The agency targeted some ads using voter data through Republican digital firm Campaign Grid to reach registered Republicans – an obviously important group to hit during a GOP primary. However, other ads were aimed to people based on their interests on sites attracting faith-based audiences and hunters, for instance.
Ads calling Dewhurst a tax-raising, big-spending moderate were used earlier on to persuade voters that he wasn’t right for Texas. In the final week, however, Club for Growth culminated the campaign with a heavy get-out-the-vote effort. GOTV ads “spiked heavily” in the final week or so, said Jonas Kleiner, managing partner at Target Interactive, the firm that handled digital advertising for Club for Growth in support of Cruz.
Knowing which messages were resonating best in certain pockets of the Lone Star State, the Cruz camp got even more specific in its messaging than Club for Growth, targeting ads with issue-based messages at particular geographic areas. According to Harris, TSA-related ads ran online in Houston, while ads featuring a fiscal spending message were aimed at another part of the state.
Palin, Beck, and the TSA Drove Digital Messaging
Cruz argued that his primary opponent David Dewhurst should have backed a Texas law that would have made pat-downs by TSA agents illegal. Another key issue in the race involved Cruz’s legal work in a patent dispute between a Chinese firm and an American.
The campaign also aggressively targeted voters over age 75. On Facebook, Harris said he used the site’s ability to target ads to those 65 and over.

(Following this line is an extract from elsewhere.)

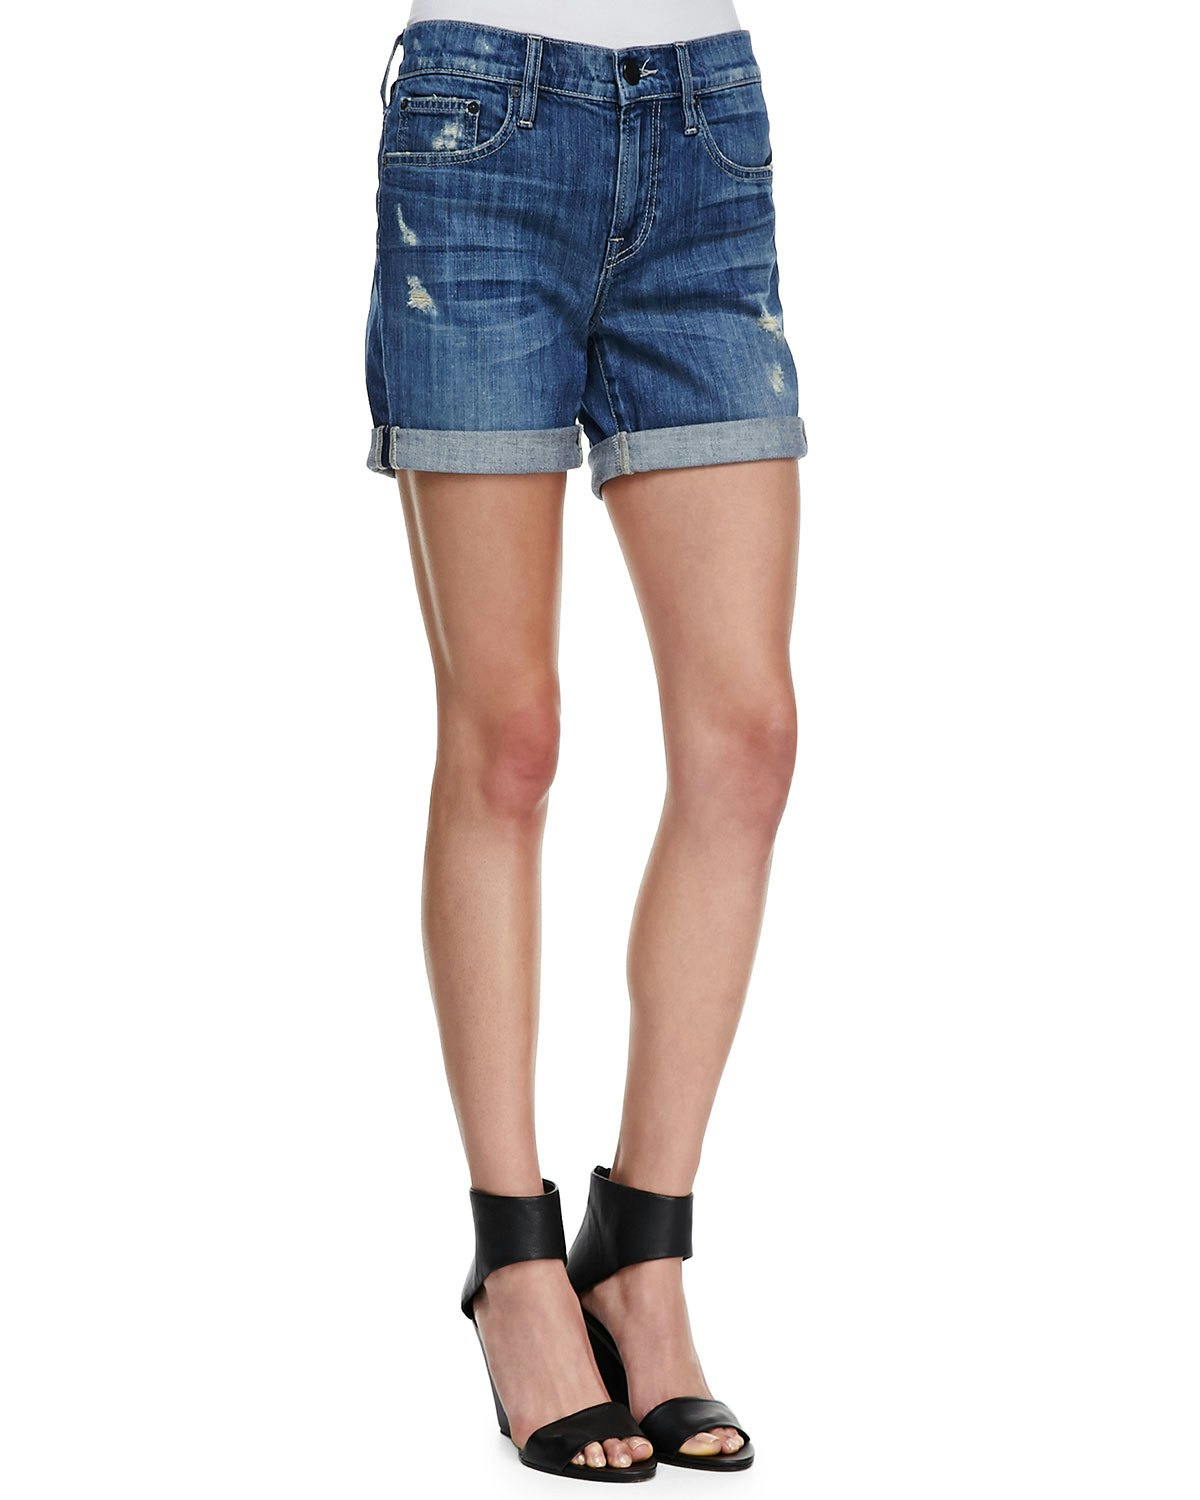 denim shorts for skinny legs

The Cruz camp also targeted Sarah Palin fans on Facebook. Palin gave Cruz a boost when she endorsed him in May. “We went up with a Twitter ad around people talking about her…a fundraising tweet targeted to searches on Palin and that ad raised money…that sort of advertising is very under-utilized in politics,” said Harris.

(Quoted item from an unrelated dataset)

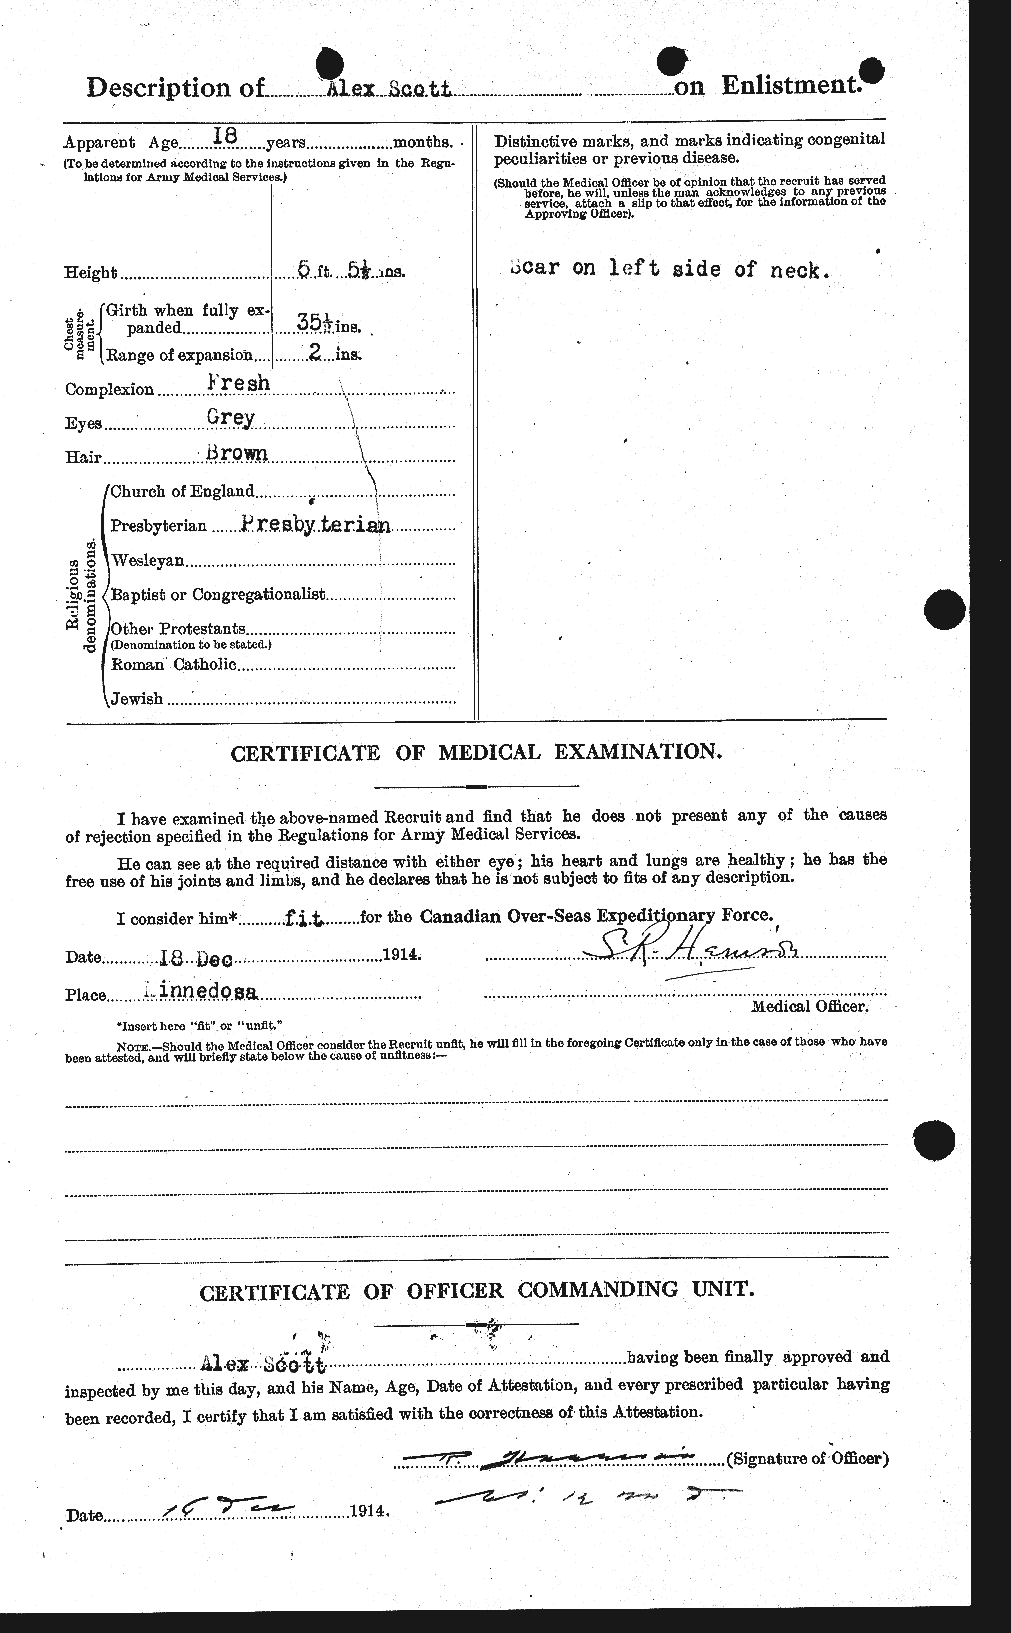 Dossiers du Personnel de la Première Guerre mondiale - CEC 086838b

In addition to galvanizing support and persuading voters that Cruz was the right pick, the come-from-behind campaign focused on digital ads to drive donations, too. But in some cases it was an integrated approach to traditional and digital media that did the trick, said Harris. Because the campaign’s digital team was well-integrated with the rest of the campaign staff, Harris was aware of Cruz’s upcoming media appearances. So, if Cruz was scheduled to be on Glenn Beck’s radio show, the digital team created a splash page on the Cruz website welcoming his fans.
“We raised millions of dollars online,” said Harris, calling the splash page shout-out to offline fans “a missed opportunity for most political campaigns.”
In the last two days of the runoff campaign, 140 percent more Club for Growth ads ran compared to the rest of the campaign, said Amanda Bloom, senior account manager at Target Interactive. “That gives you an idea of how much the conservative audience in Texas was completely blanketed with ads” during the last two days, she continued.
The organization also attracted a lot of mobile searches in the last couple days including on voting day when people were looking up last-minute information, and tablet access was big. According to Bloom, the highest percentage of mobile viewers to Club for Growth’s Cruz page came from iPad users.